Does your State/jurisdiction adopt Chapter 33 of the IBC? If so, check out Table 3306.1 and subsequent section 3306.4. Note that the requirements are for protection of pedestrians, not for on-site construction personnel.

However, if this is interior to the job and not used by the public, it is typically only governed by OSHA or other state safety board.


----------



## ADAguy (Feb 6, 2019)

Tell it to the judge when a worker falls at an unprotected opening.


----------



## steveray (Feb 6, 2019)

[F] 3310.2 Maintenance of means of egress. Required
means of egress shall be maintained at all times during construction,
demolition, remodeling or alterations and additions
to any building.
Exception: Existing means of egress need not be maintained
where approved temporary means of egress systems
and facilities are provided.


----------



## ADAguy (Feb 6, 2019)

Good one Steve !


----------



## mark handler (Feb 6, 2019)

Is there a required "Means of Egress" during construction?
I don't think so, it is a construction safety issue. Not in the purview of a building department.
Methods and procedures are not listed,,,,


----------



## linnrg (Feb 6, 2019)

Oh wouldn't it be nice to never have to climb ladders or scaffolding ever again.


----------



## steveray (Feb 6, 2019)

mark handler said:


> Is there a required "Means of Egress" during construction?
> I don't think so, it is a construction safety issue. Not in the purview of a building department.
> Methods and procedures are not listed,,,,



Depends...
3302.1 Alterations, repairs and additions.

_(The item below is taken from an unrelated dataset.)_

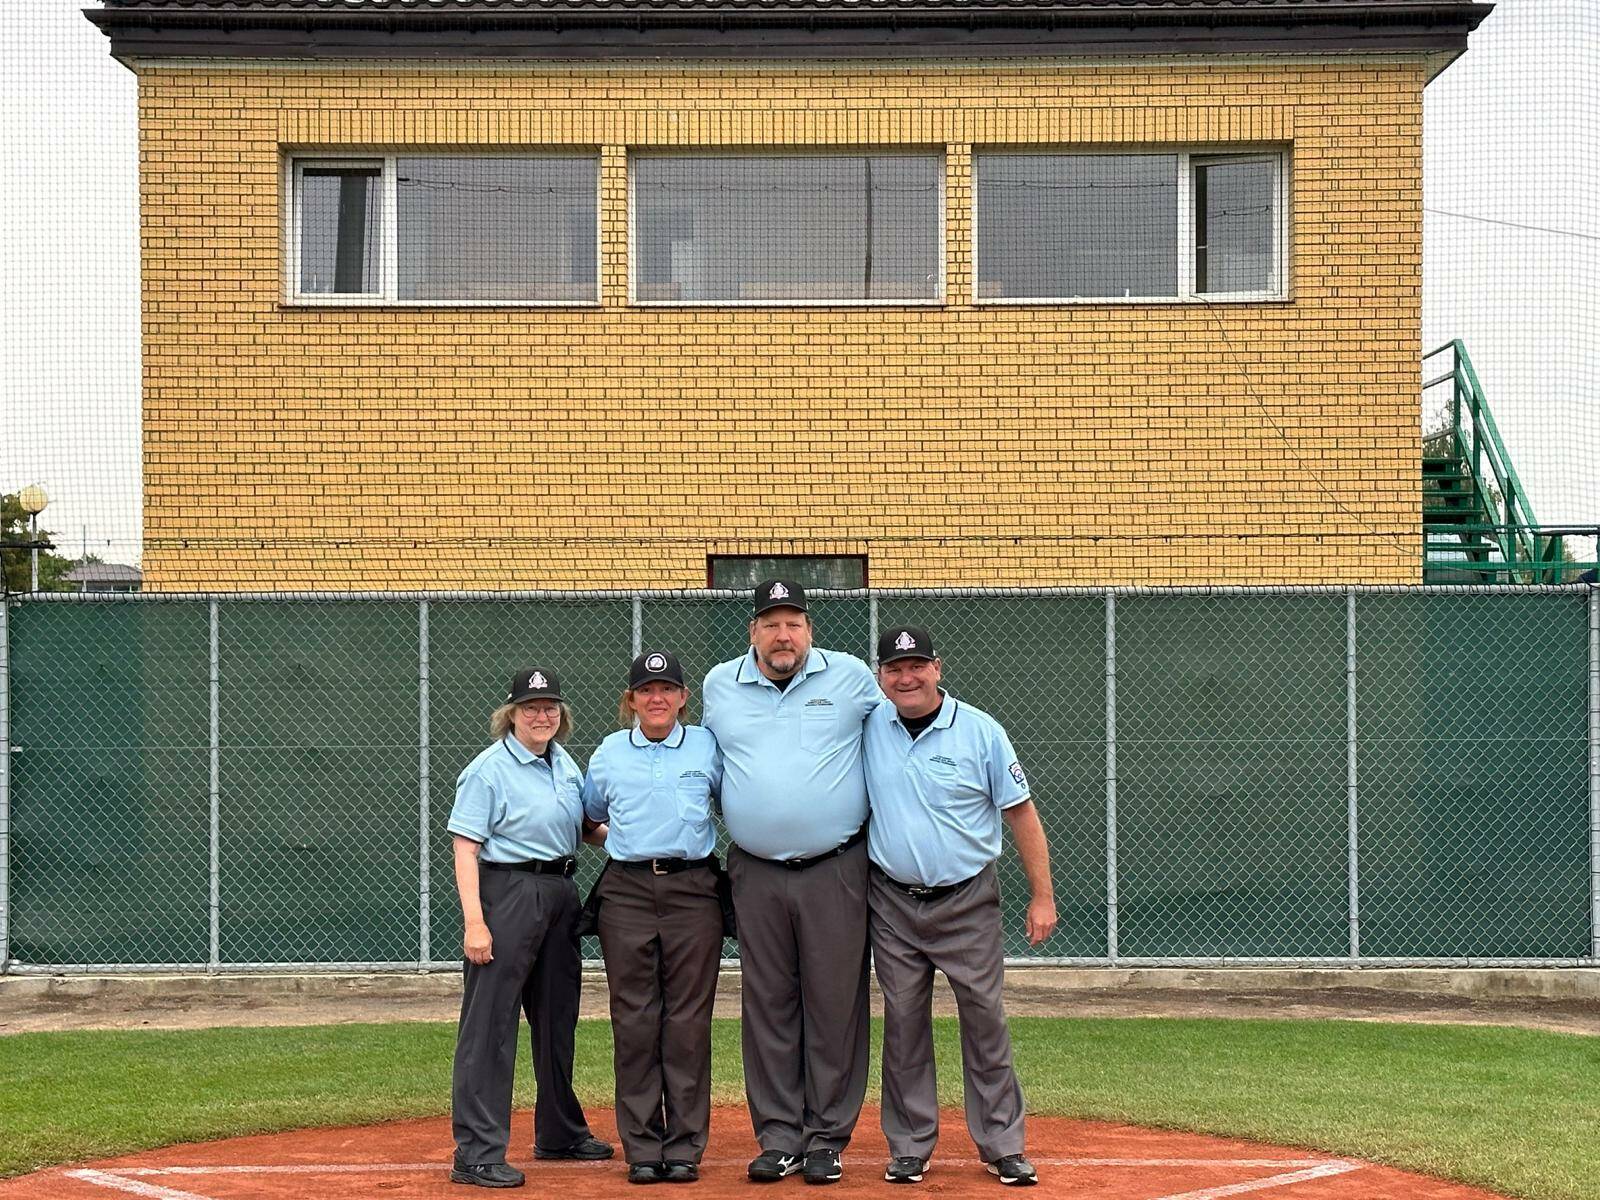 Rita Cline, left, stands with umpires from Italy, Chicago and France who officiated games in Kutno, Poland during the regional tournament of the Little League World Series in July. She has been an umpire for the North Whidbey Little League for the past 26 years. (Photo courtesy of Rita Cline)

Required exits,
existing structural elements, fire protection devices and sanitary
safeguards shall be maintained at all times during alterations,
repairs or additions to any building or structure.
Exceptions:
1. Where such required elements or devices are being
altered or repaired, adequate substitute provisions
shall be made.
2. Maintenance of such elements and devices is not
required when the existing building is not occupied.


----------



## steveray (Feb 6, 2019)

ADAguy said:


> Good one Steve !



MT got it first....I missed it or I would have just agreed...


----------



## ICE (Feb 6, 2019)

So there is a dangerous condition at a construction site and apparently someone needs convincing that it should be corrected.  I explain the danger and then refuse to get anywhere near it.  If I can’t get near it, I can’t inspect whatever needs inspecting.  The job usually stops proceeding if I’m not inspecting.  They have always been reasonable.

For the naysayers....please note that I did not mention OSHA.


----------



## Sleepy (Feb 6, 2019)

The building code is interested in protecting the public and doesn't really address construction worker safety. 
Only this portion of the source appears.